_Prompt_
Could you repeat the listing exactly, leaving out the pictures?

_Supplied material_
↓

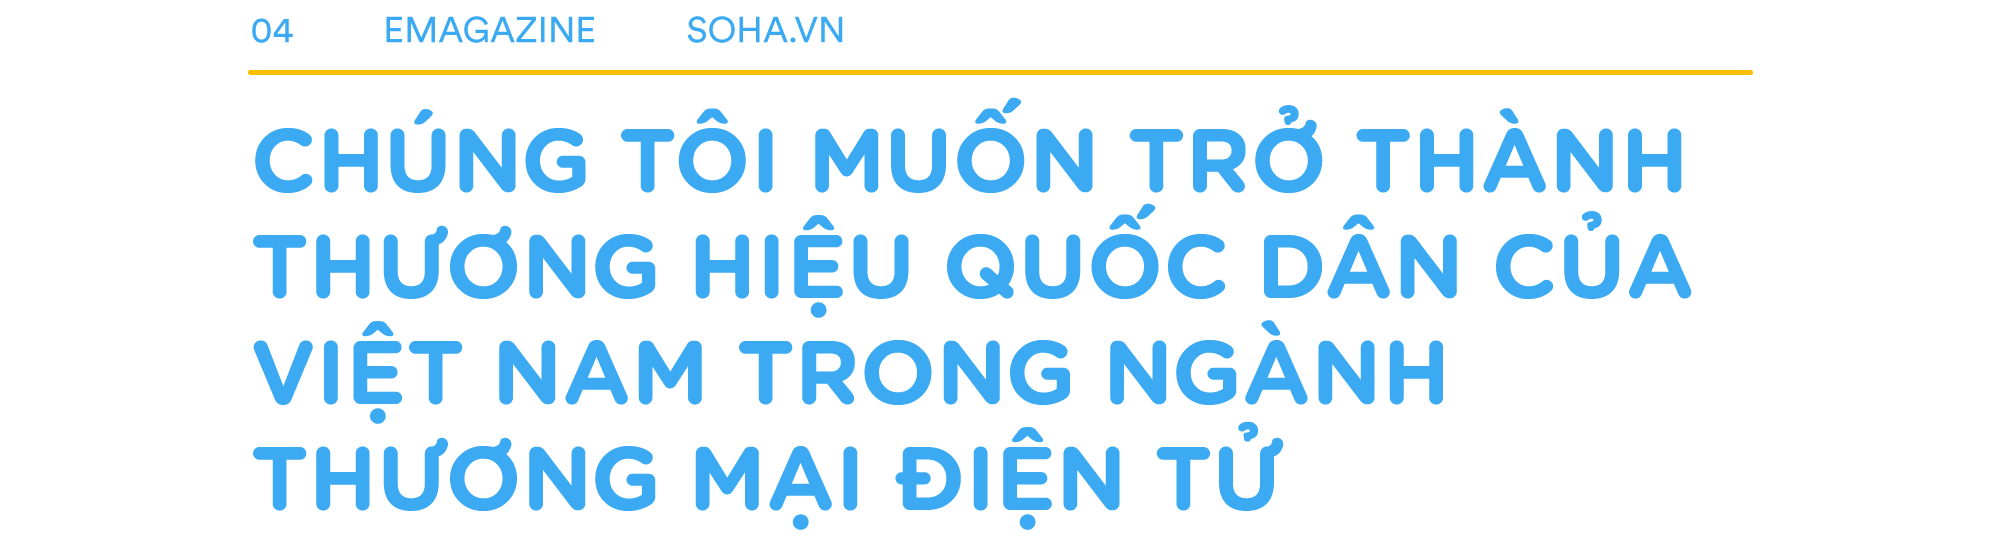 4 lần “chết hụt” của Tiki và lời cam kết: Bằng mọi giá, không để mất thị trường Việt Nam - Ảnh 7.
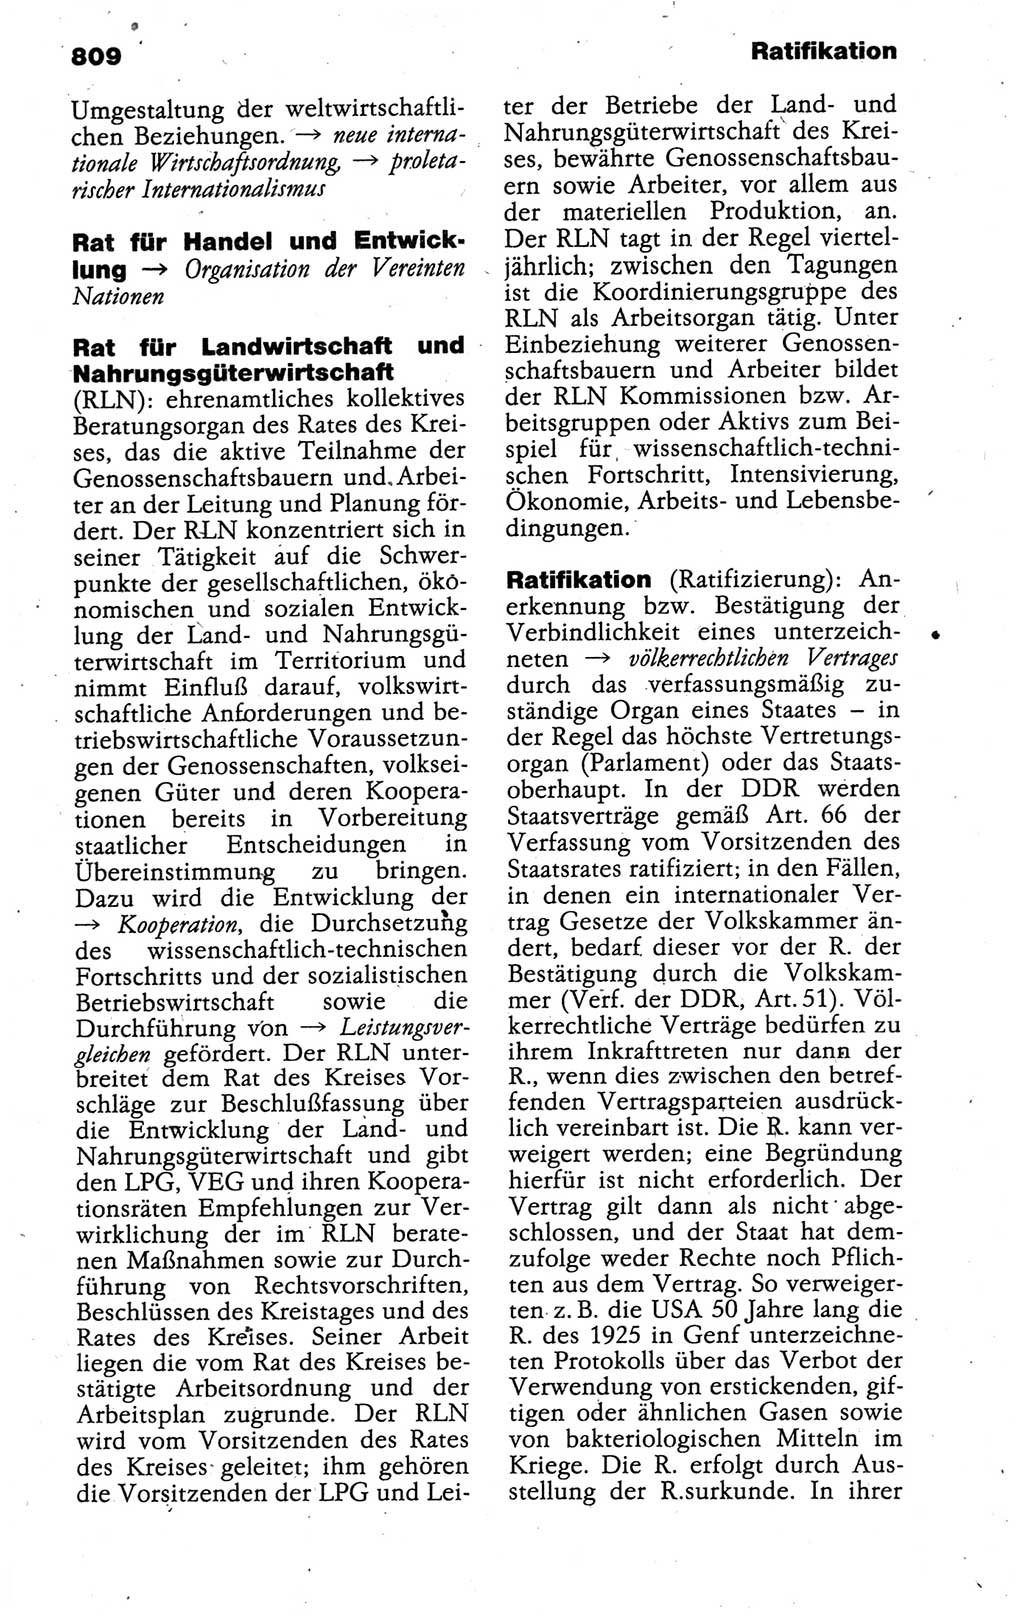 Kleines politisches Wörterbuch [Deutsche Demokratische Republik (DDR)] 1988, Seite 809 (Kl. pol. Wb. DDR 1988, S. 809)
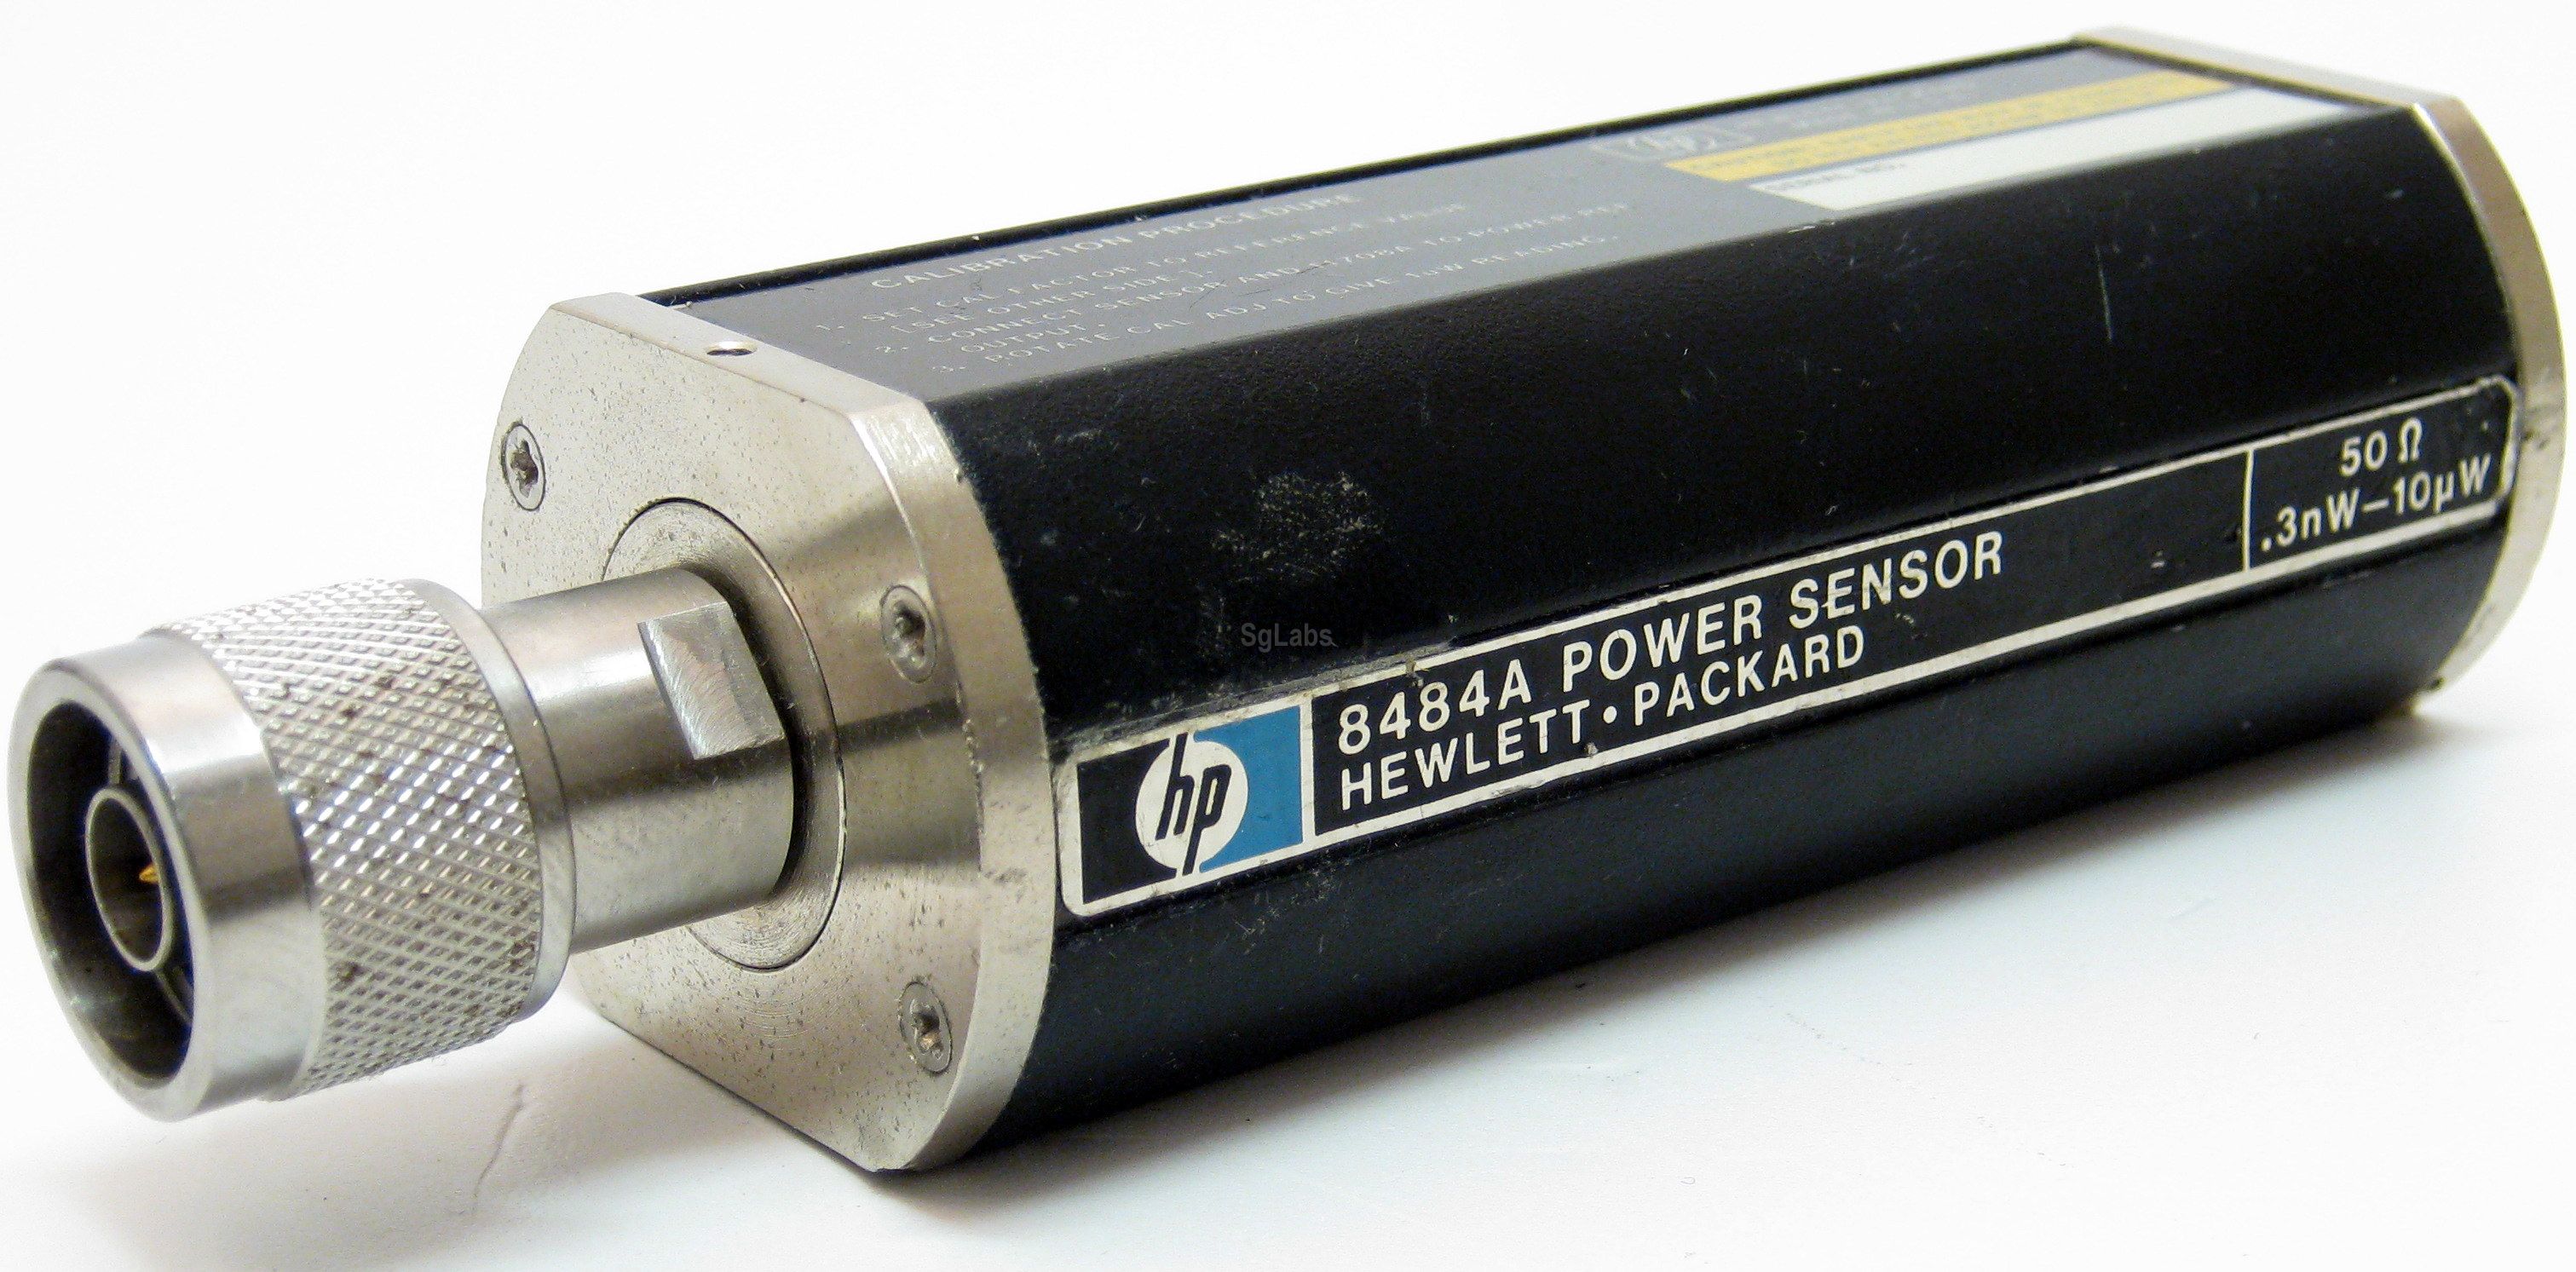 Used 8484A HP Power Sensor 50ohm 10MHz-18GHz 0.3nw-10µw

↑

_Solution to the exercise_
 4 lần “chết hụt” của Tiki và lời cam kết: Bằng mọi giá, không để mất thị trường Việt Nam - Ảnh 7.
 Kleines politisches Wörterbuch [Deutsche Demokratische Republik (DDR)] 1988, Seite 809 (Kl. pol. Wb. DDR 1988, S. 809)
 Used 8484A HP Power Sensor 50ohm 10MHz-18GHz 0.3nw-10µw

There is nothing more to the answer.